Иришке не нравится мерзнуть меж надгробных плит, она скоблит носком притоптанный снег.
– Завтра на озеро пойдем, завтра.
Хризантем не различить на белом. Мама безучастно смотрит на мои попытки отполировать рукавом дедушкин портрет. На нем он особенно похож на Толстого… Мама долго стоит, опершись на оградку. Снег покрывает землю на свежей могиле. Выпросил зимние каникулы в деревне, будто знал. Размазанные по щекам слезы стынут на морозе, я дергаю маму за пальто. Ее лицо, что с ним не так? Такое лицо бывает, когда она пьет таблетку от головной боли. В ее глазах что-то, чего я не могу разгадать, сколько ни всматриваюсь. Совершенно сухие, совершенно…
– Ну, не чокаясь.
Пьем водку вдвоем на кухне. Третья рюмка накрыта куском белого хлеба.
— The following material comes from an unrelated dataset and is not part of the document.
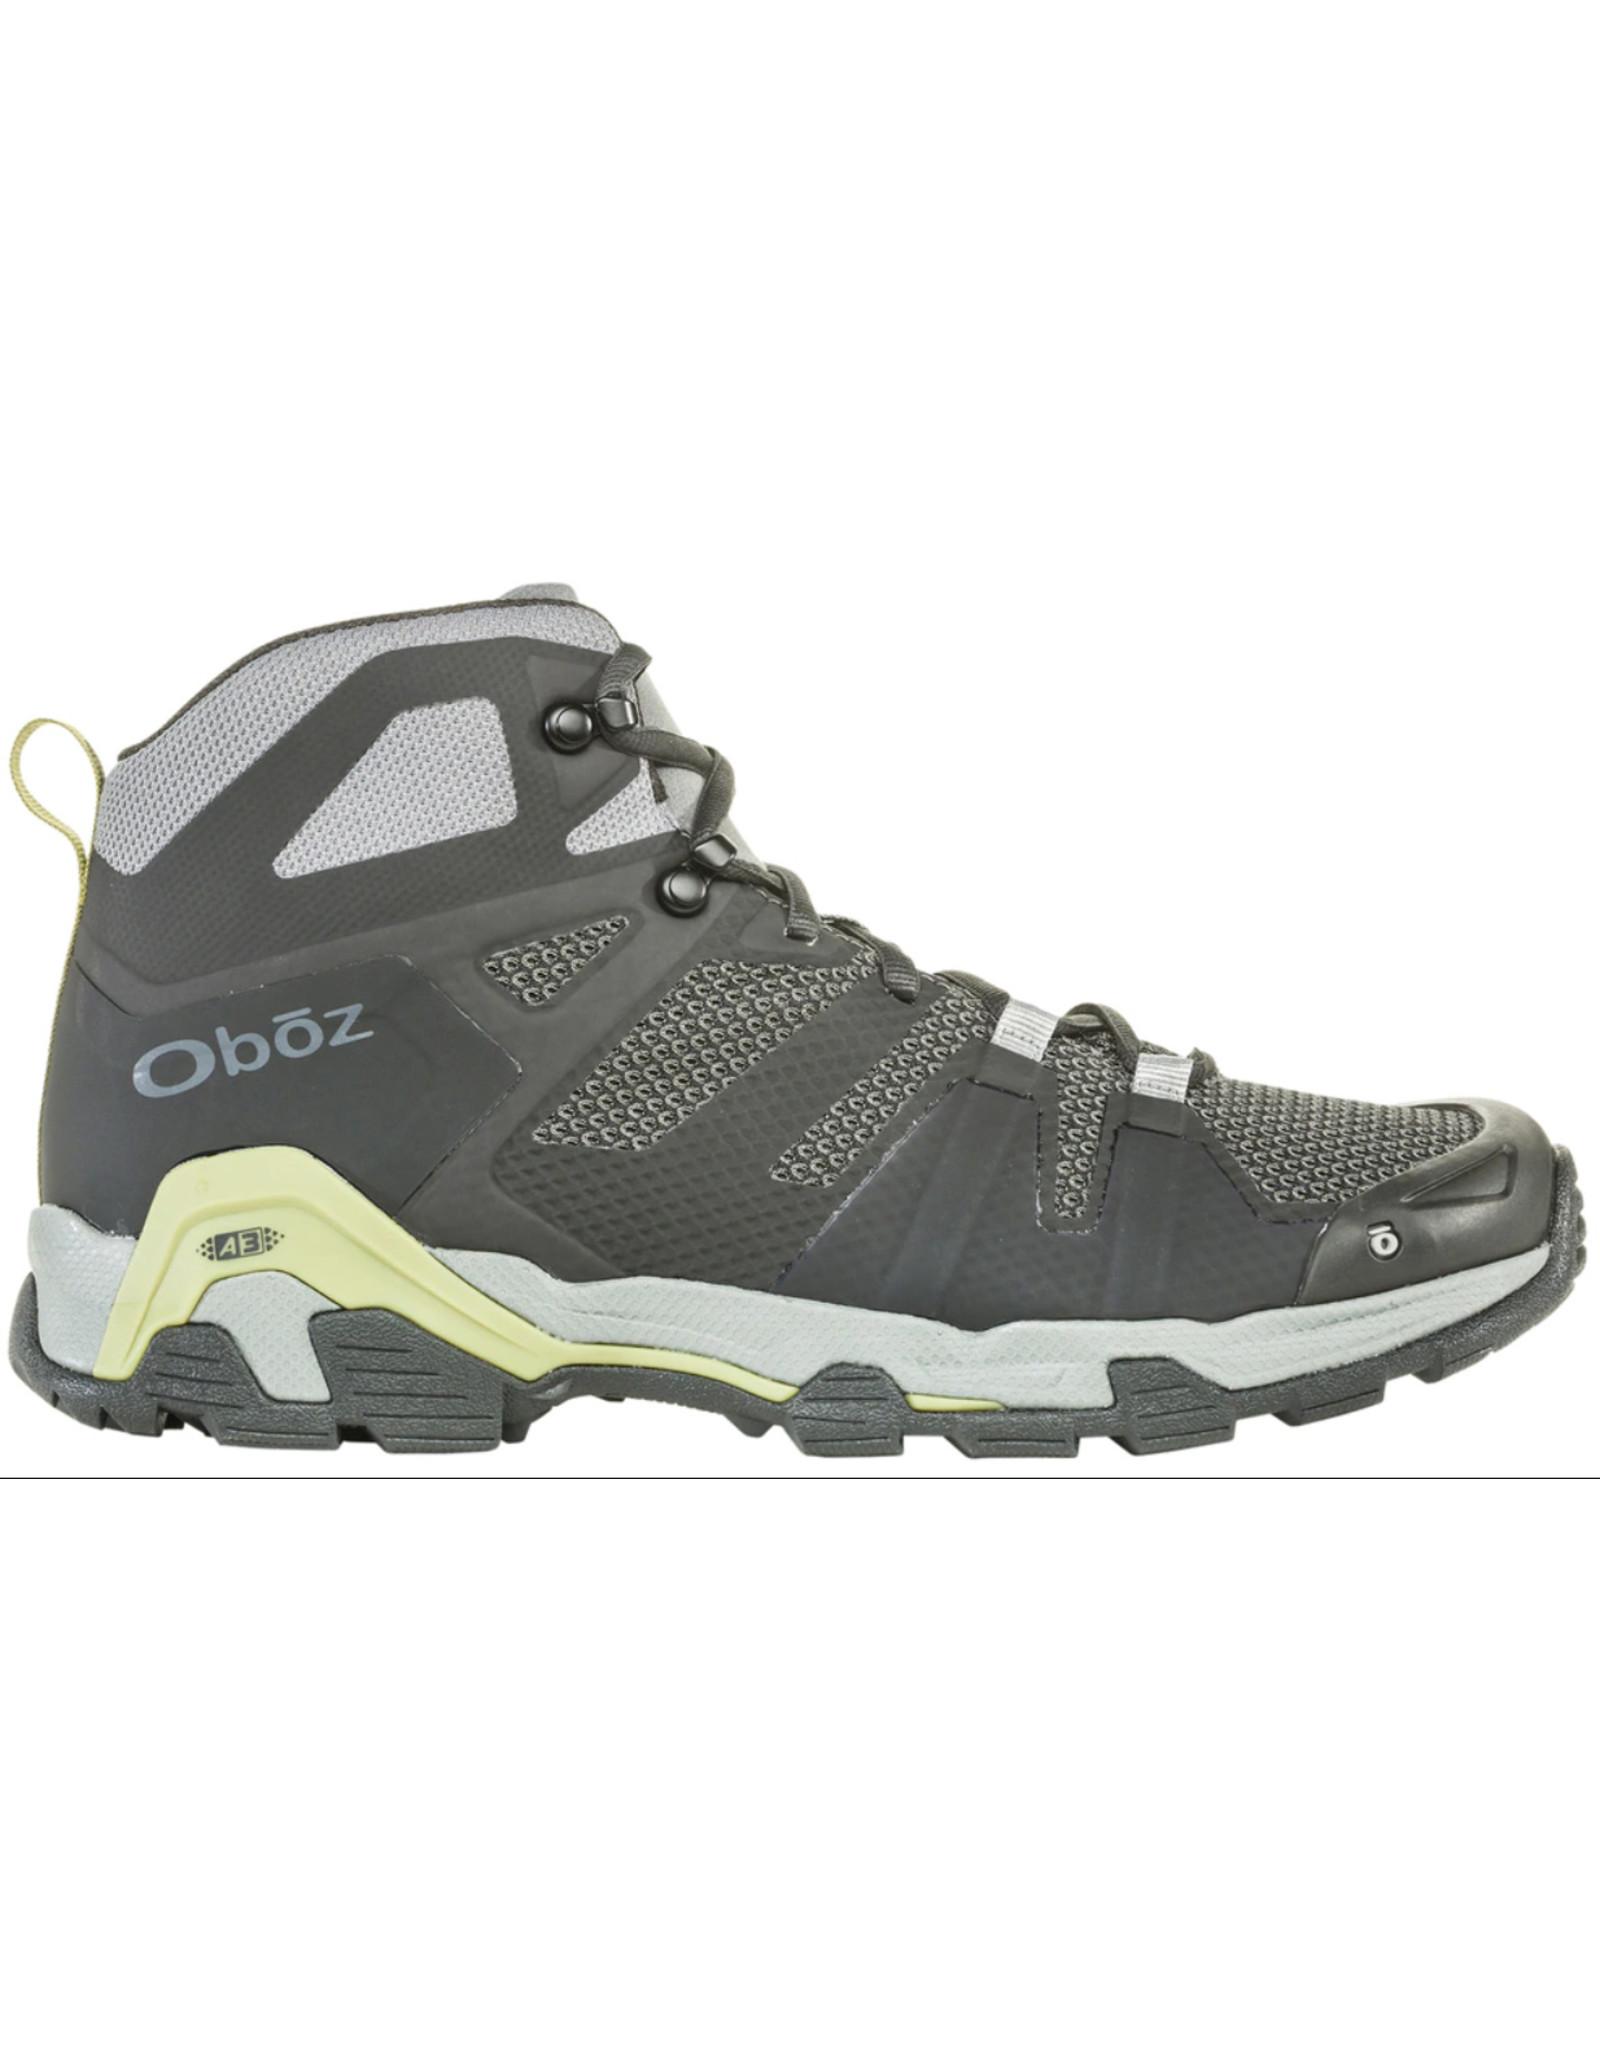 Oboz Arete Mid Boot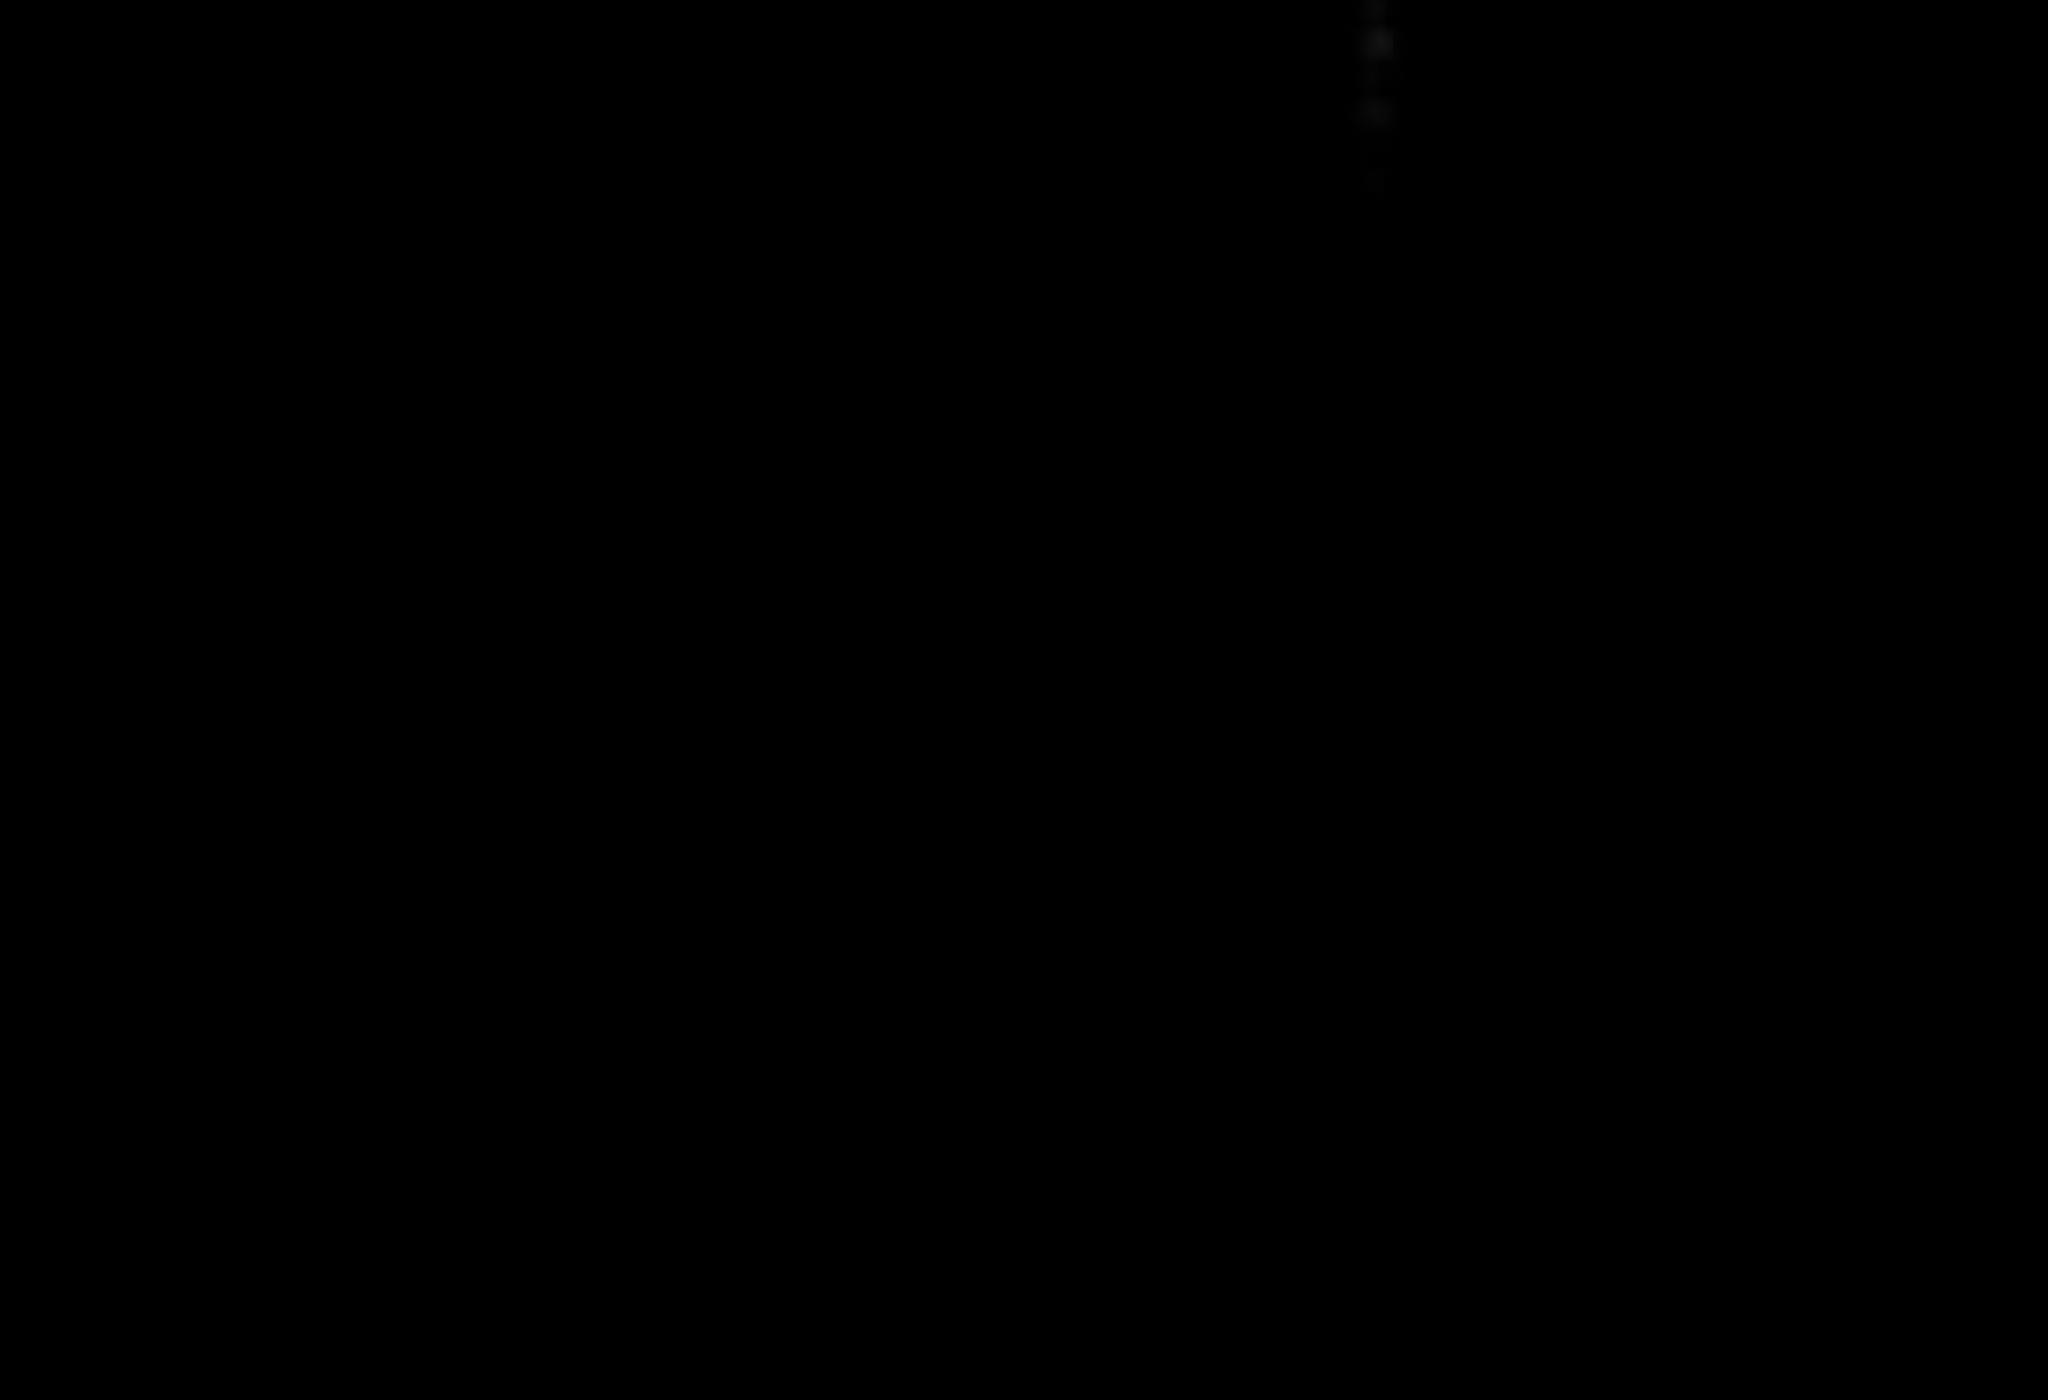 plain-black-background.jpg

– Мам, давно хотел спросить… Почему ты не плакала тогда, на его похоронах?
Мама кривится от беленькой, тянется за пирожком.
– Двадцать лет прошло, Юр, что толку вспоминать.
– Мам.
– О мертвых либо хорошо, либо ничего…
– Кроме правды. Переврали цитату.
Приземистый рыжий сервант – четыре ножки, облупившийся лак, за стеклами пылятся остатки польского чайного сервиза – почему-то мама проводит пальцем по глубокому белому сколу на нижней дверце, что болтается на петле.
– Бляха тяжелая была, латунная…
Мама трет скол, глубокий белый шрам на лакированном дереве.
– С якорем, как сейчас помню.
Острый скол царапает палец.
– Промазал вот однажды.
Мама все трет и трет.
Тогда, на кладбище, в одиннадцать лет, я не мог разгадать, что было в ее глазах.
Облегчение.
Хватаю рюмку, ту, что накрыта хлебом с солью, и швыряю ее на пол, проливая водку. Она не разбивается, только катится и стукается о ножку серванта. Нет, не хватаю. Не катится. Только представляю, сжимая рюмку так, что на ладони отпечатывается рисунок, похожий на морозный узор.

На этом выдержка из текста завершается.